::: Provided material
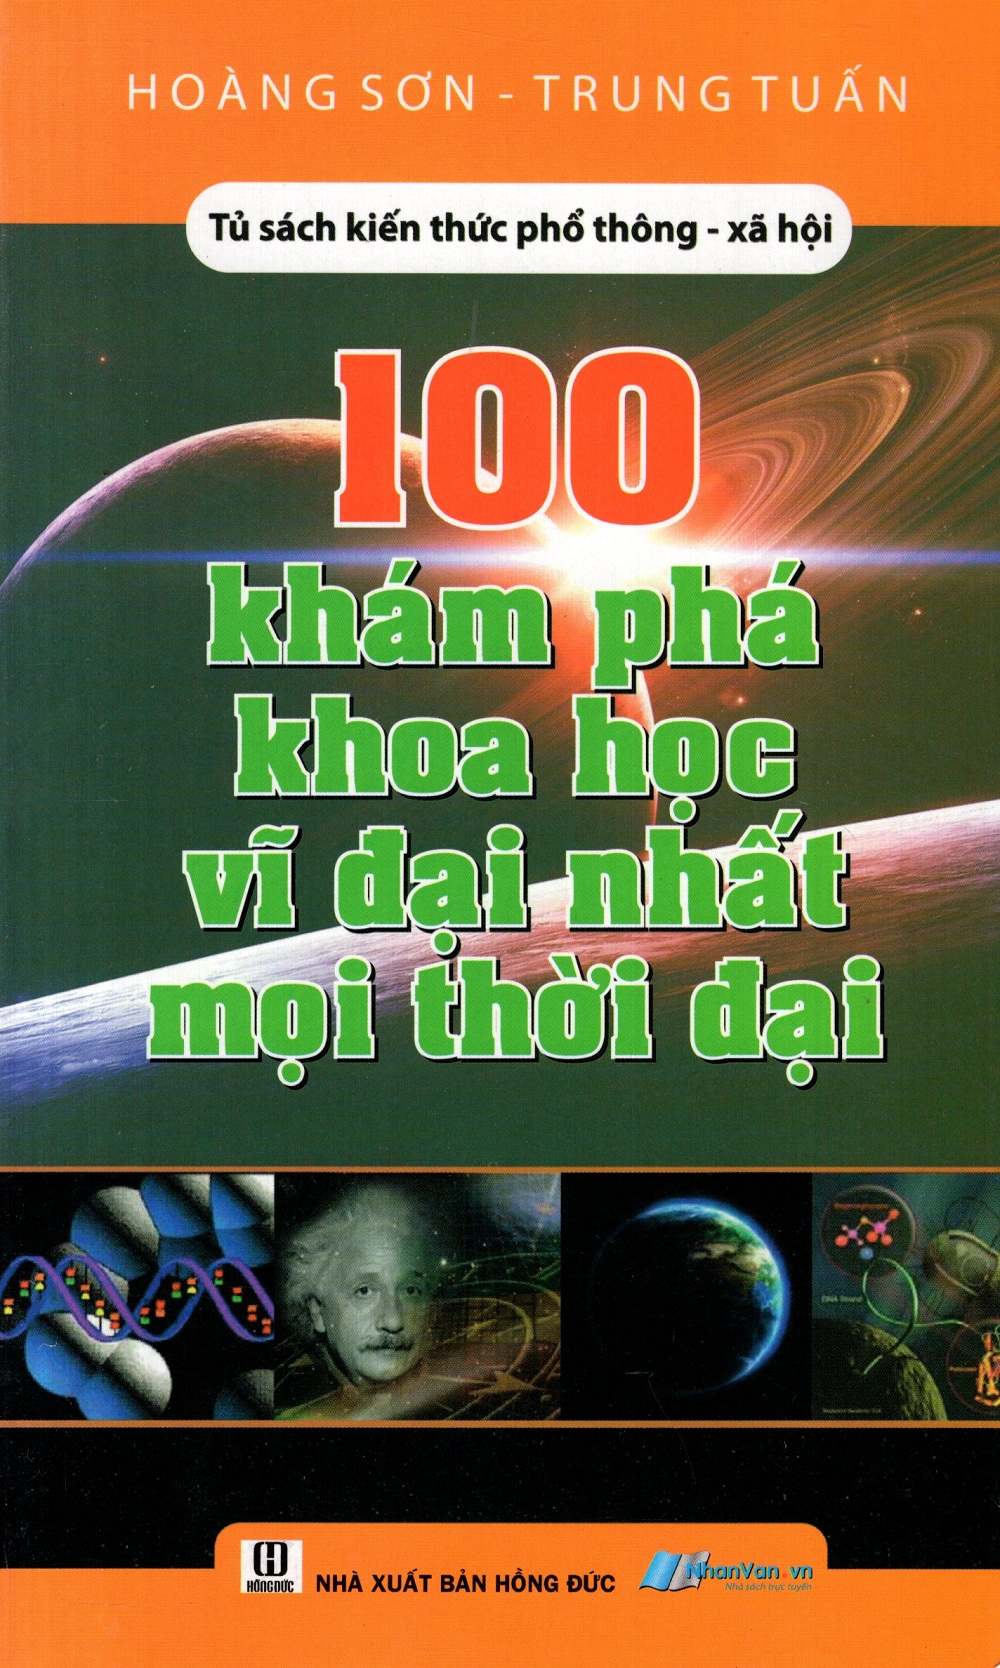 100 Khám Phá Khoa Học Vĩ Đại Nhất Mọi Thời Đại - 8935072871826,62_223750,67000,tiki.vn,100-Kham-Pha-Khoa-Hoc-Vi-Dai-Nhat-Moi-Thoi-Dai-62_223750,100 Khám Phá Khoa Học Vĩ Đại Nhất Mọi Thời Đại
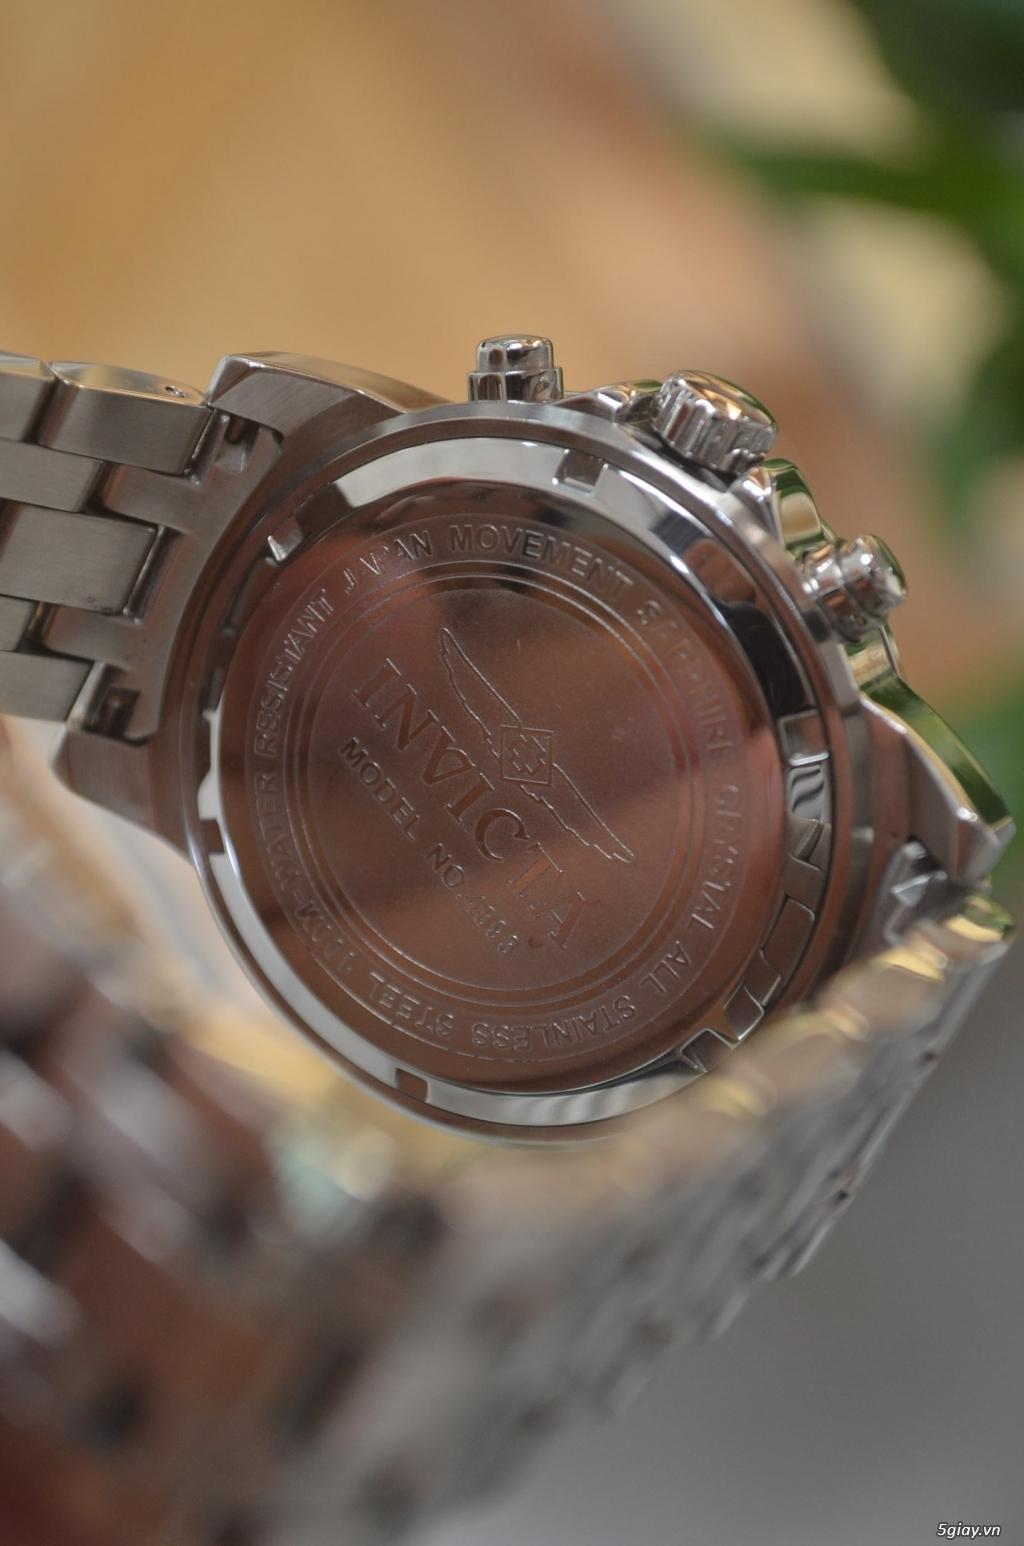 Thanh lý đồng hồ INVICTA chính hãng Mỹ cho người tay lớn - 10
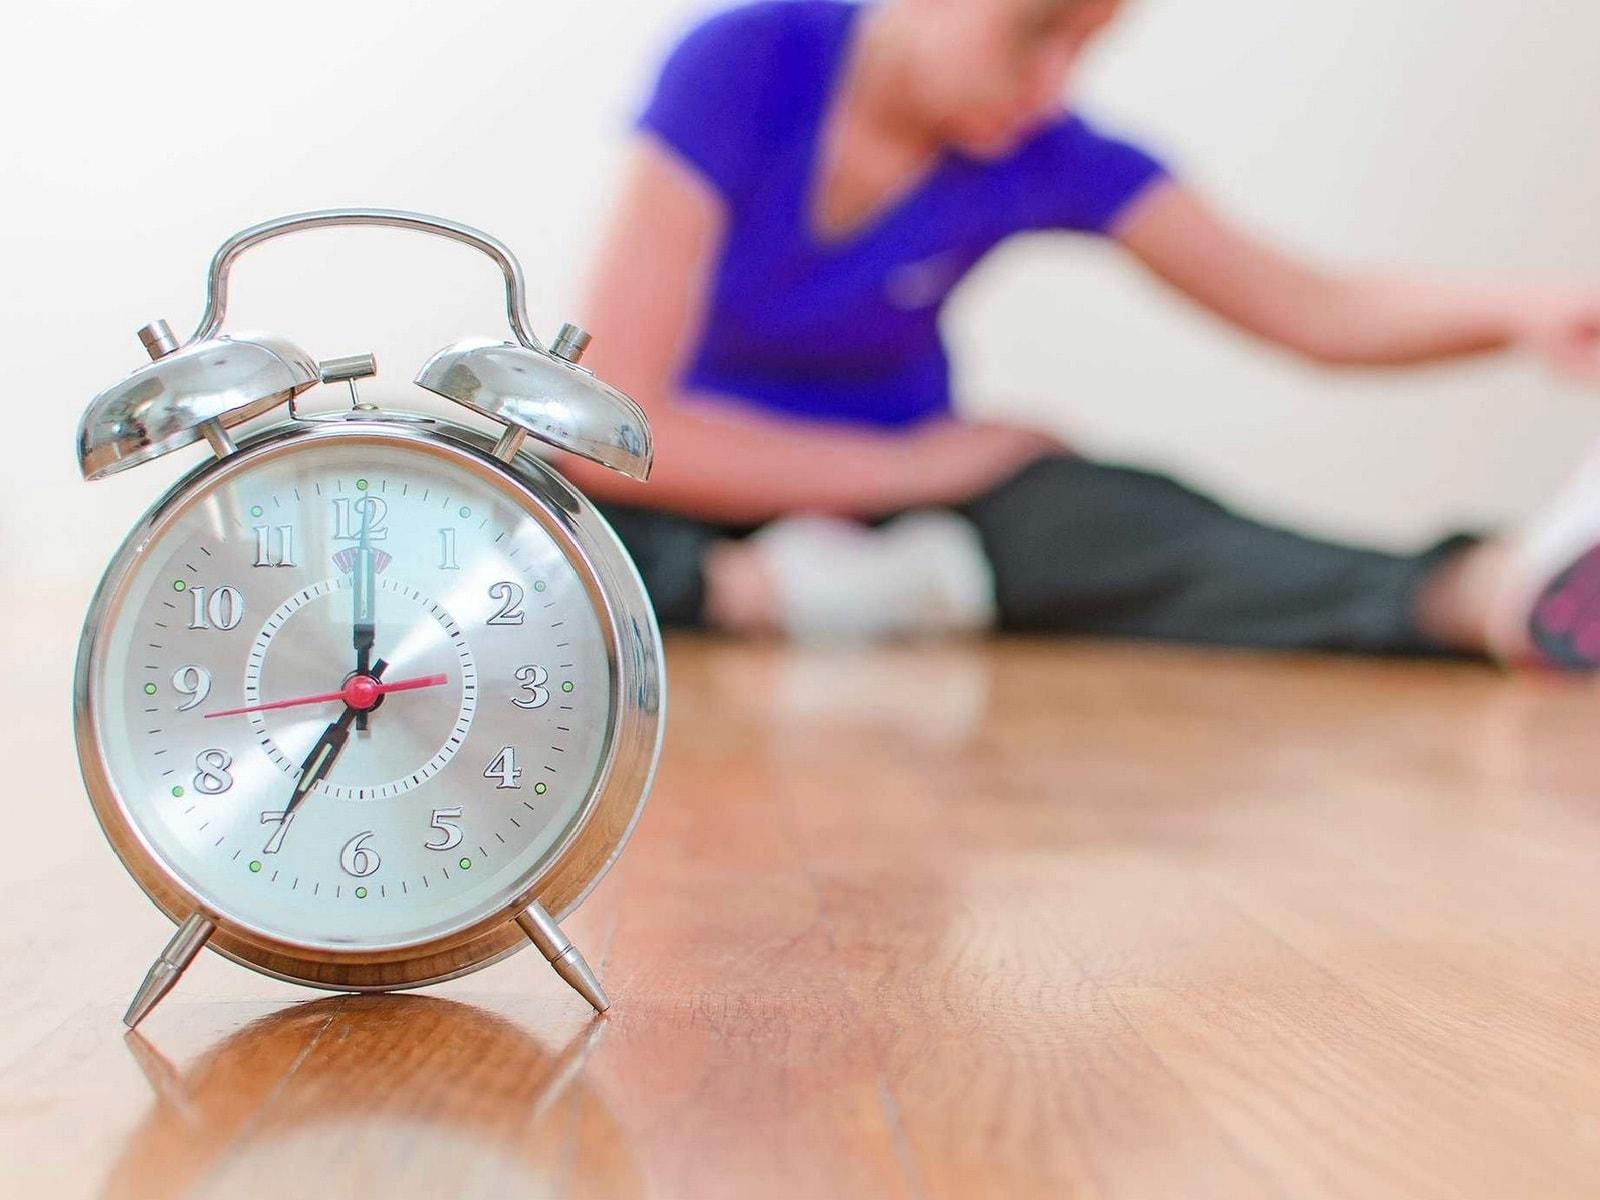 В какое время дня тренироваться? Лучшее время для сжигания калорий и наращивания мышечной массы
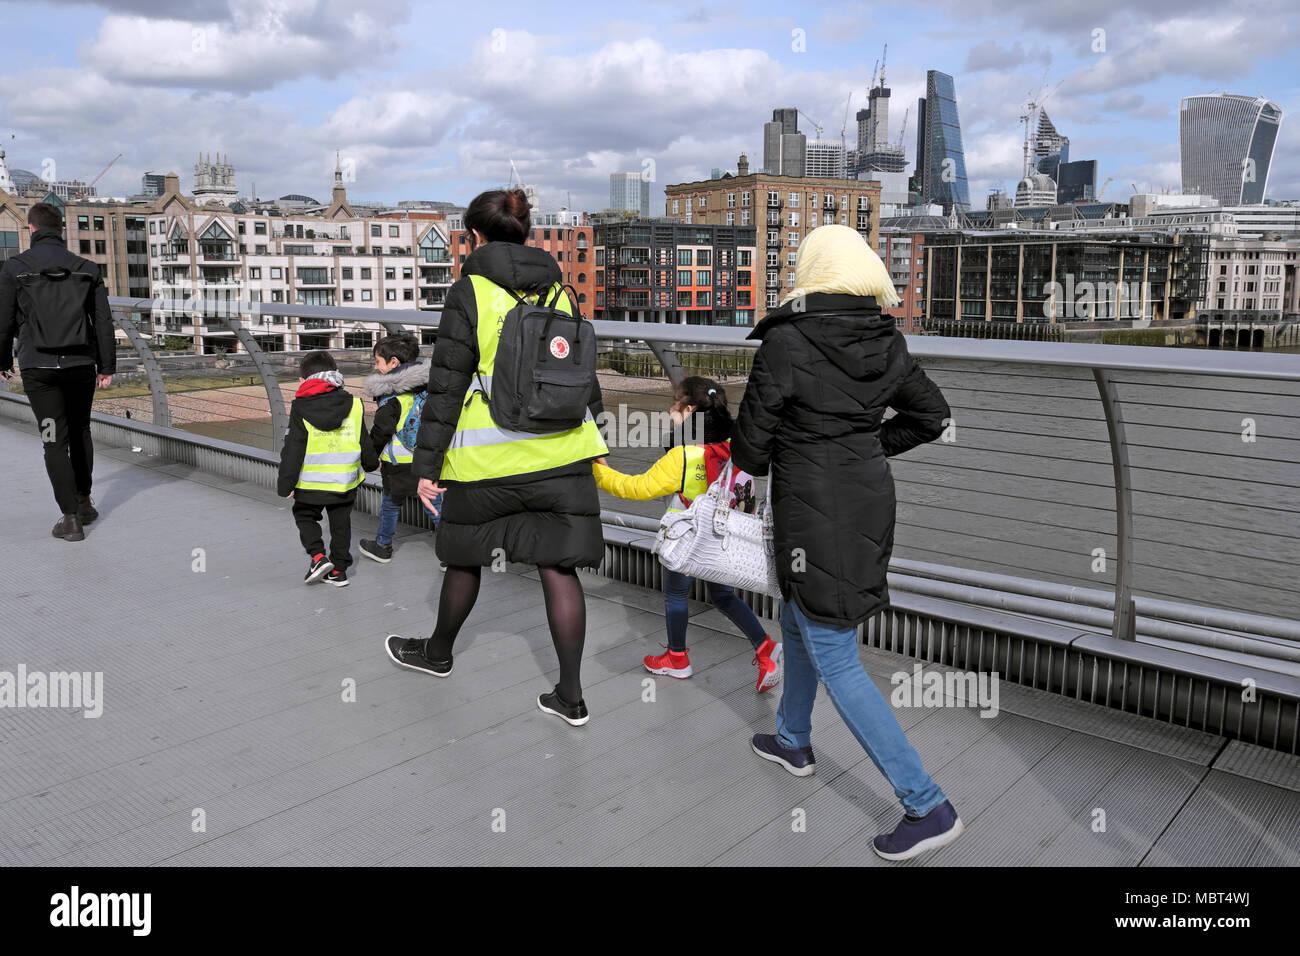 British bambini delle scuole elementari i ragazzi a piedi attraverso il Millennium Bridge tenendo le mani con insegnante nel sud di Londra, Inghilterra UK KATHY DEWITT Immagini Stock
::::::
The full listing above, duplicated exactly and without its pictures, is the answer.

[Finished task]
 100 Khám Phá Khoa Học Vĩ Đại Nhất Mọi Thời Đại - 8935072871826,62_223750,67000,tiki.vn,100-Kham-Pha-Khoa-Hoc-Vi-Dai-Nhat-Moi-Thoi-Dai-62_223750,100 Khám Phá Khoa Học Vĩ Đại Nhất Mọi Thời Đại
 Thanh lý đồng hồ INVICTA chính hãng Mỹ cho người tay lớn - 10
 В какое время дня тренироваться? Лучшее время для сжигания калорий и наращивания мышечной массы
 British bambini delle scuole elementari i ragazzi a piedi attraverso il Millennium Bridge tenendo le mani con insegnante nel sud di Londra, Inghilterra UK KATHY DEWITT Immagini Stock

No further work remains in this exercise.